▸ **Task to complete**
All that should be output is the block of lines below from the line with "British Monarchs: King" to the line with "Axolotl / Mexican", both included, exactly as written.

▸ **Data**
+---+

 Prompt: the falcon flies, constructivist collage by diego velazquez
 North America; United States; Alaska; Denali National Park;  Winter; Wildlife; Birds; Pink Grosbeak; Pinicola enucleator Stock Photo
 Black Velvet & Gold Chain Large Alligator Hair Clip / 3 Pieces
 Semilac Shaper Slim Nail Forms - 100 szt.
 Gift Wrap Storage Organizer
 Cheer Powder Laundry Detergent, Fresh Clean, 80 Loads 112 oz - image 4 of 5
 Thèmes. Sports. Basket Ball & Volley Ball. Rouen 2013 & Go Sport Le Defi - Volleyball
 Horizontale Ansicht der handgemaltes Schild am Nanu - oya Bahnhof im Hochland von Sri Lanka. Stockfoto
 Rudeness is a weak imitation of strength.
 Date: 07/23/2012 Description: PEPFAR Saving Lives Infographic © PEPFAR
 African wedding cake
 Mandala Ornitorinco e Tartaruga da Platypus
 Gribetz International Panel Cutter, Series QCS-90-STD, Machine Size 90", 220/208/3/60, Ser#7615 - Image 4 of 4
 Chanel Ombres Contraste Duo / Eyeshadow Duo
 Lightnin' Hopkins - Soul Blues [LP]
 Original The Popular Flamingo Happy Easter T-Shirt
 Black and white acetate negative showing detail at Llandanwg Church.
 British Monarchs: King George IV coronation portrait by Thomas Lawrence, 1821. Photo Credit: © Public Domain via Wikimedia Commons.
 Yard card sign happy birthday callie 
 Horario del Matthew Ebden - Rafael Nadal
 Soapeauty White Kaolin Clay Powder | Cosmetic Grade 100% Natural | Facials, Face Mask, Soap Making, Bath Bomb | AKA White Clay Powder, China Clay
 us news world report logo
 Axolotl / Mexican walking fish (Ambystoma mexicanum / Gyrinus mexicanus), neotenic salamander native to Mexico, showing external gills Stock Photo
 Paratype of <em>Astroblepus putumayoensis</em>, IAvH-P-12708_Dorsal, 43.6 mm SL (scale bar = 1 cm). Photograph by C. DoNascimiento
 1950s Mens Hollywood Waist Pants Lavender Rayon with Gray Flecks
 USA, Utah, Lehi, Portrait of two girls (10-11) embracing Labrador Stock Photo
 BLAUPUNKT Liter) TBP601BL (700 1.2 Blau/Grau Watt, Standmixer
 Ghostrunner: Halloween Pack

+---+

▸ **Your response**
 British Monarchs: King George IV coronation portrait by Thomas Lawrence, 1821. Photo Credit: © Public Domain via Wikimedia Commons.
 Yard card sign happy birthday callie 
 Horario del Matthew Ebden - Rafael Nadal
 Soapeauty White Kaolin Clay Powder | Cosmetic Grade 100% Natural | Facials, Face Mask, Soap Making, Bath Bomb | AKA White Clay Powder, China Clay
 us news world report logo
 Axolotl / Mexican walking fish (Ambystoma mexicanum / Gyrinus mexicanus), neotenic salamander native to Mexico, showing external gills Stock Photo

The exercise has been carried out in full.